***** Information supplied
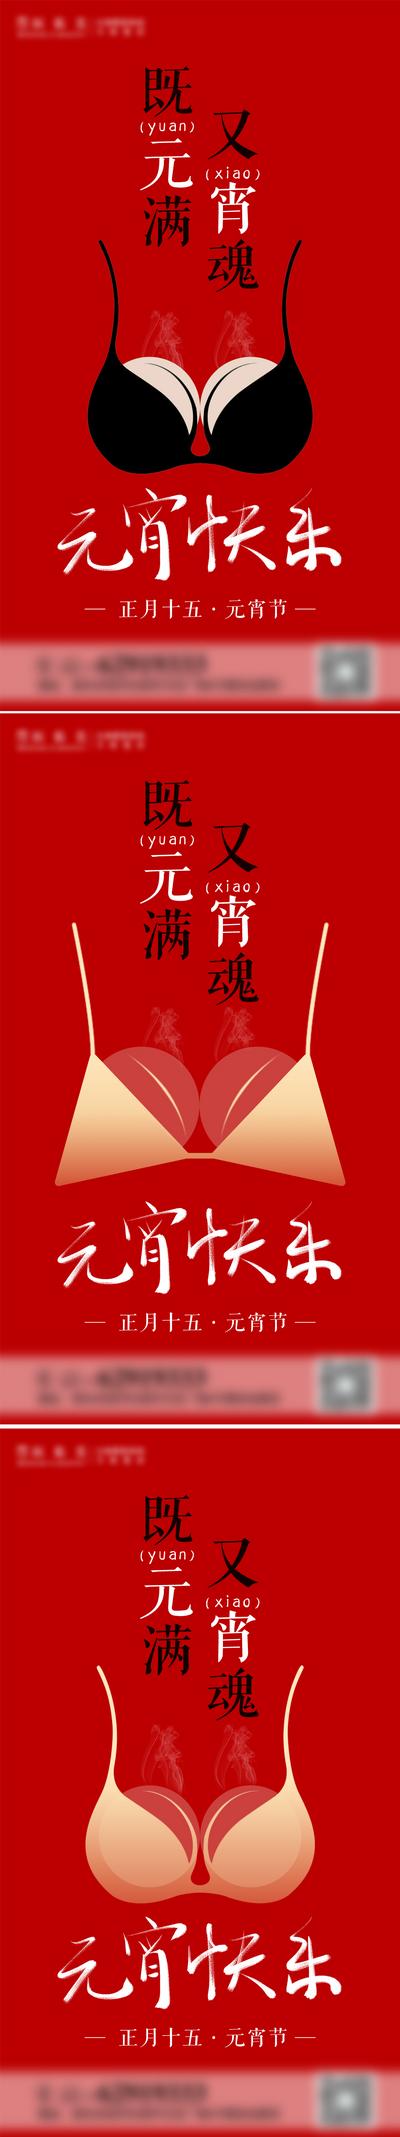 南门网 海报 医美 中国传统节日 元宵节 丰胸 汤圆 创意
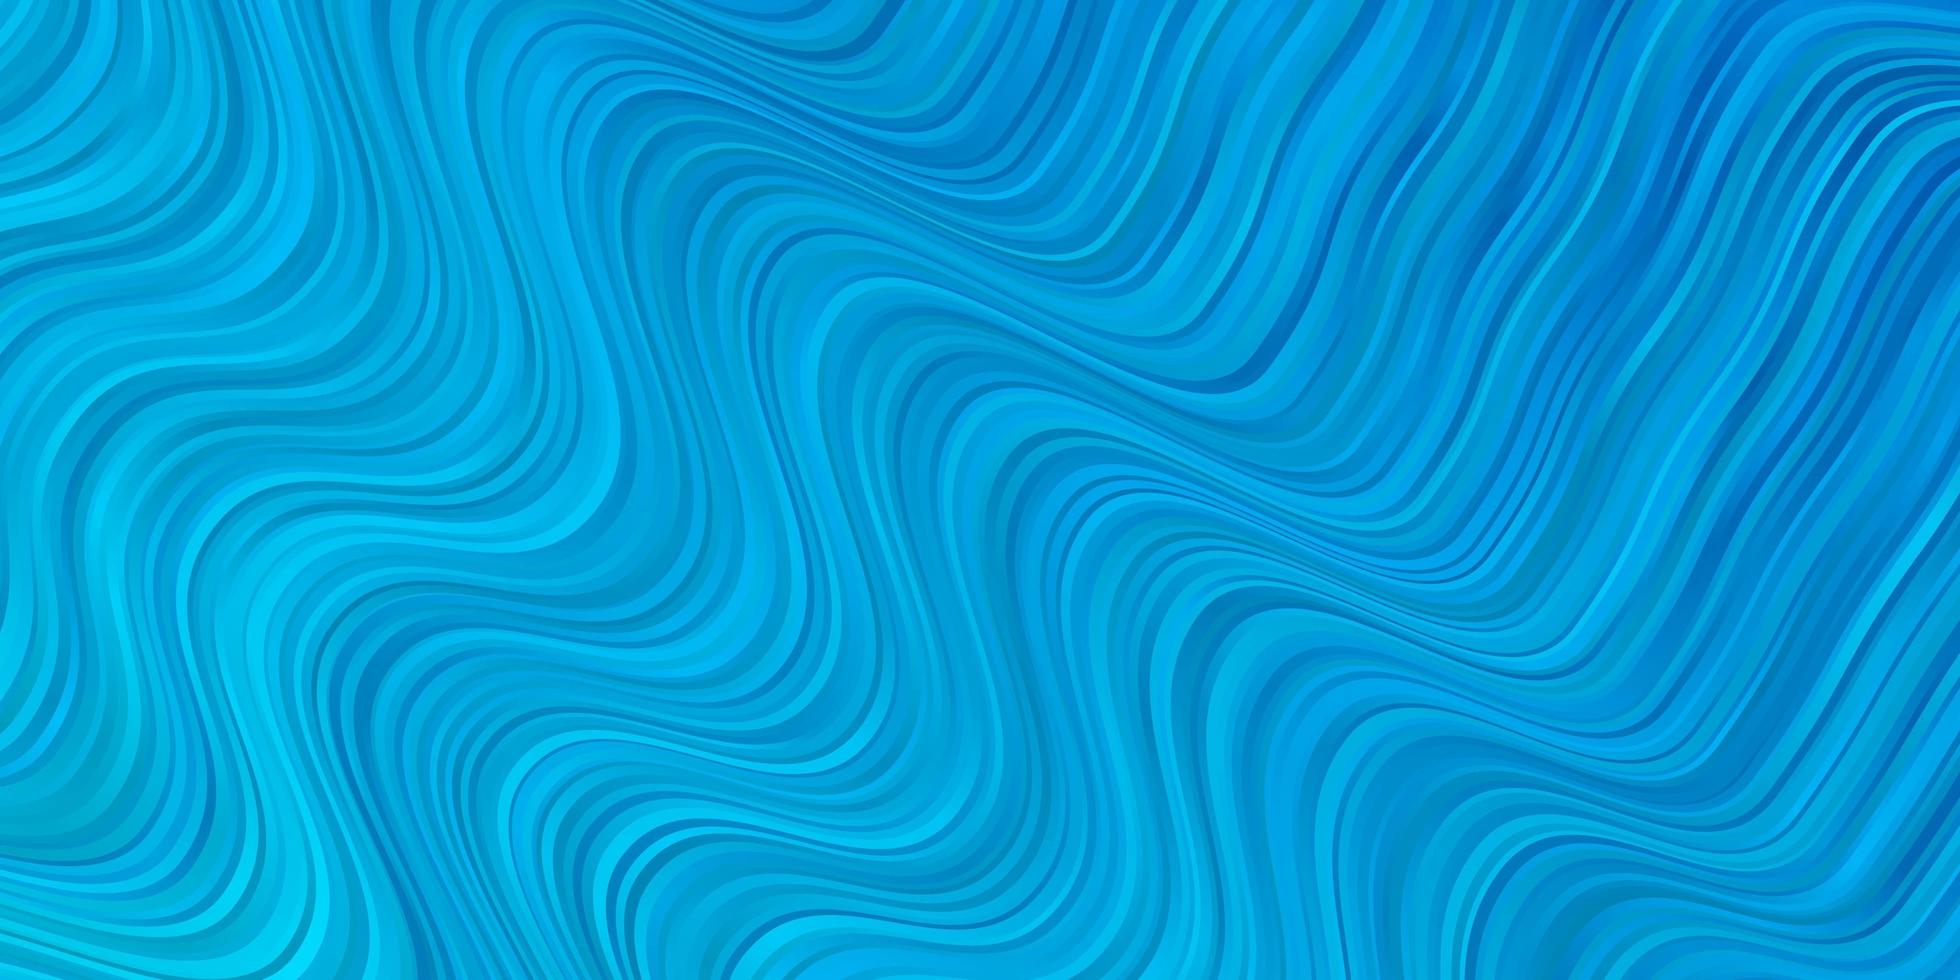 telón de fondo de vector azul claro con curvas ilustración colorida con líneas curvas mejor diseño para su banner de cartel publicitario
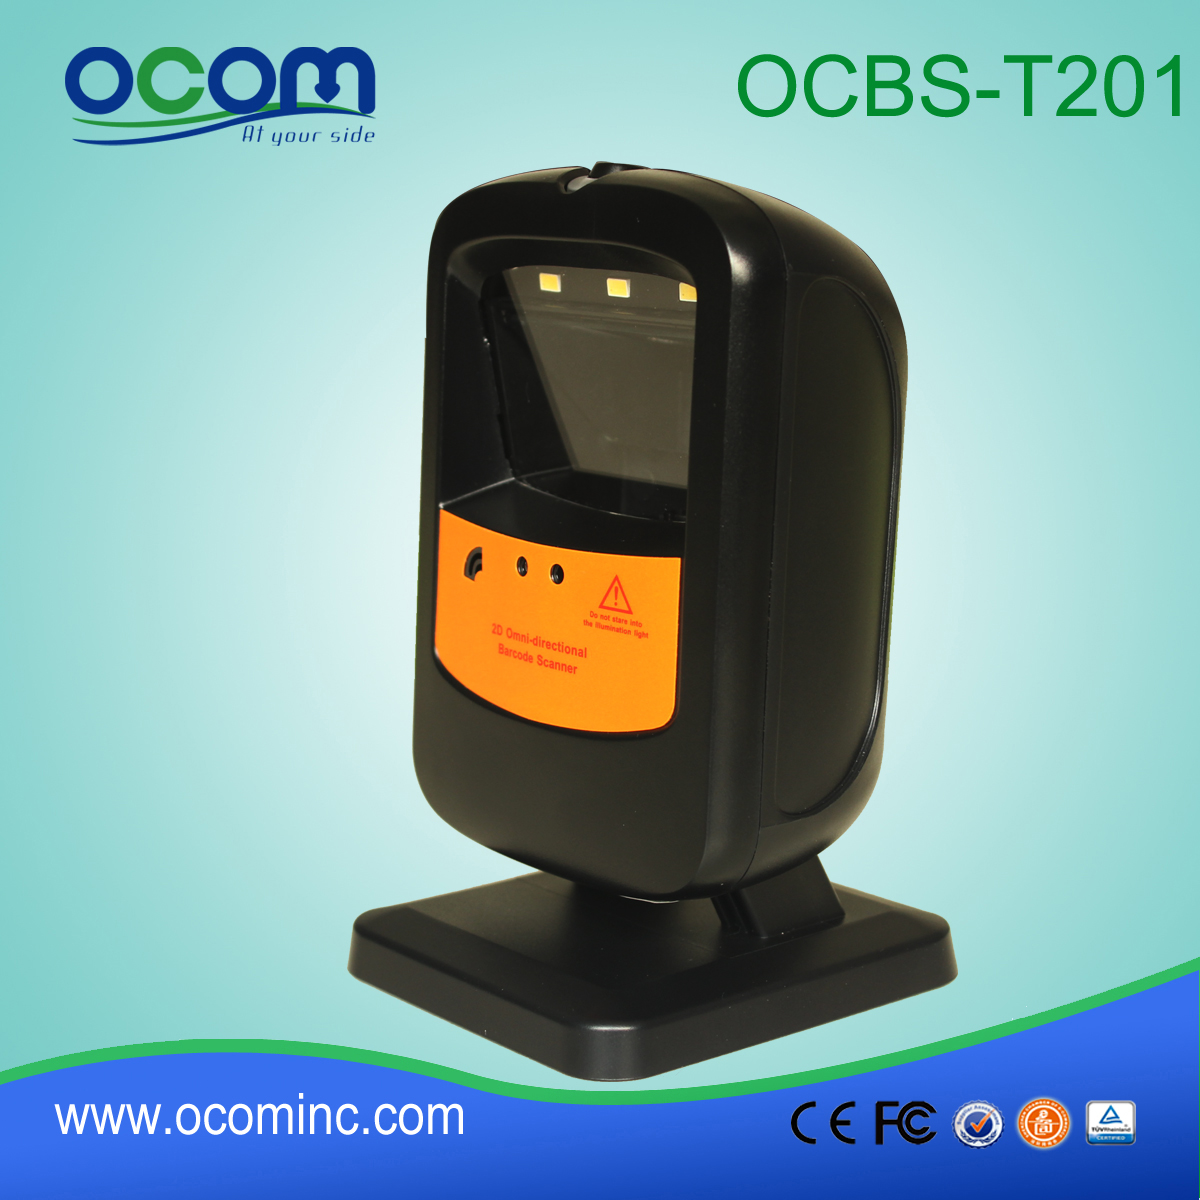 láser supermercado Omni distribuidor escáner de código de barras (OCBS-T201)
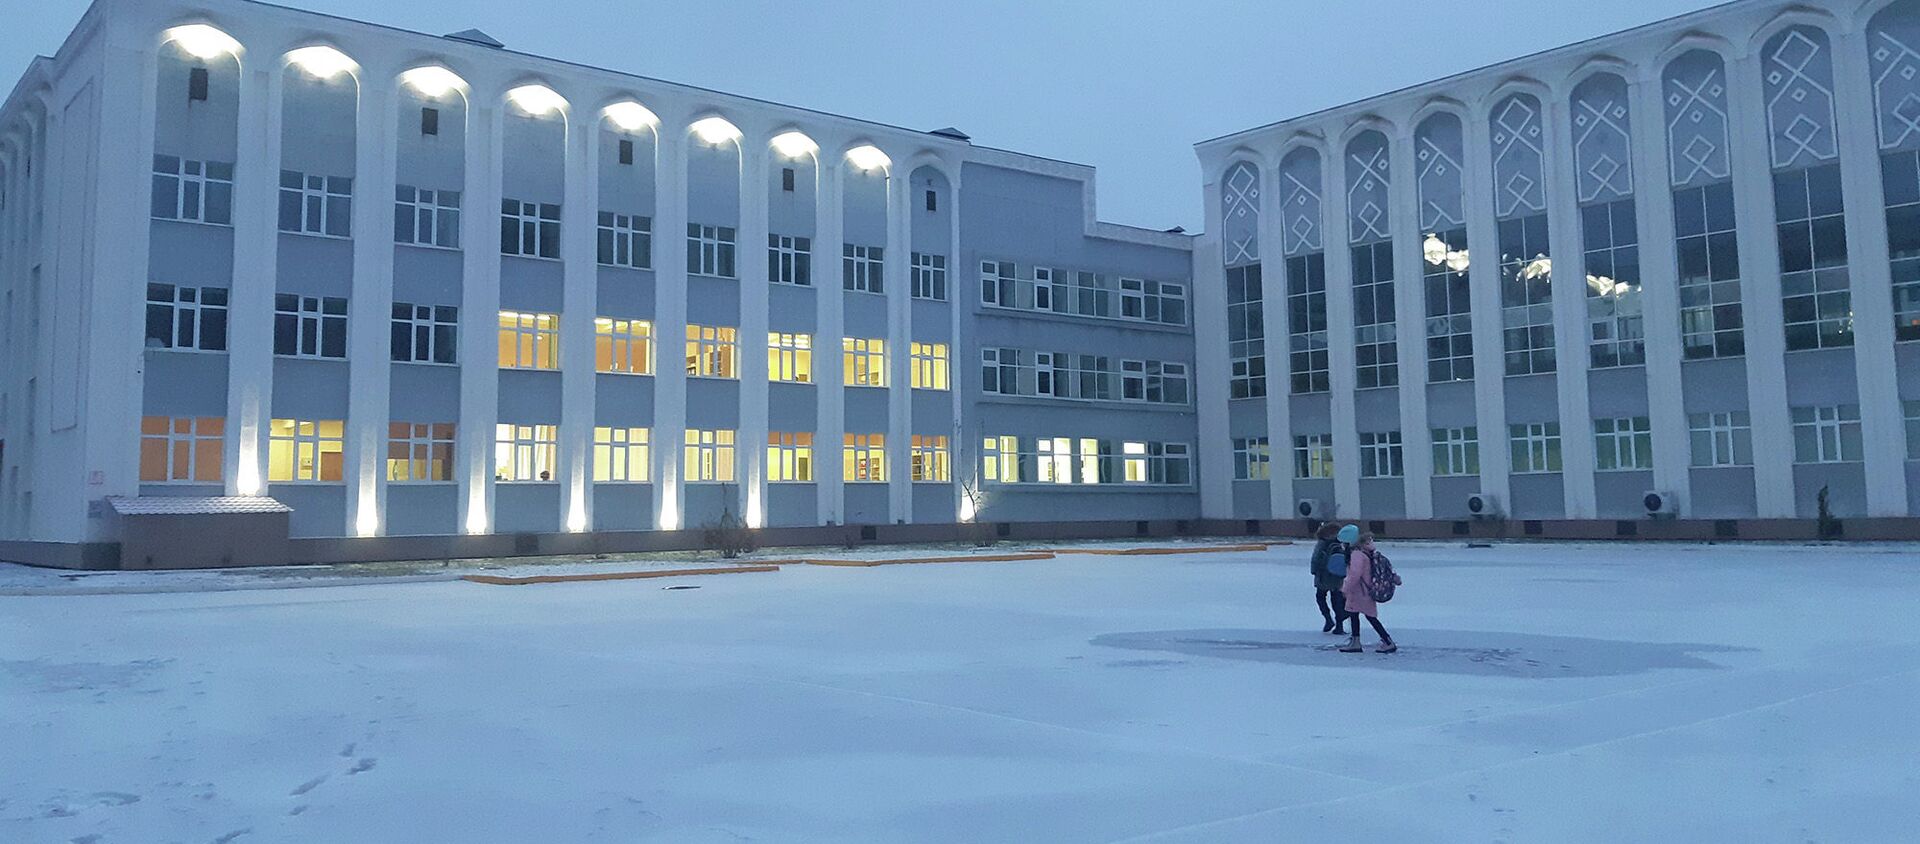 Дети утром зимой идут в школу - архивное фото - Sputnik Казахстан, 1920, 11.03.2021
**********
Required work:
All of the data above should be printed again exactly, though none of the pictures belong in the copy.

Answer:
 南门网 海报 医美 中国传统节日 元宵节 丰胸 汤圆 创意
 telón de fondo de vector azul claro con curvas ilustración colorida con líneas curvas mejor diseño para su banner de cartel publicitario
 láser supermercado Omni distribuidor escáner de código de barras (OCBS-T201)
 Дети утром зимой идут в школу - архивное фото - Sputnik Казахстан, 1920, 11.03.2021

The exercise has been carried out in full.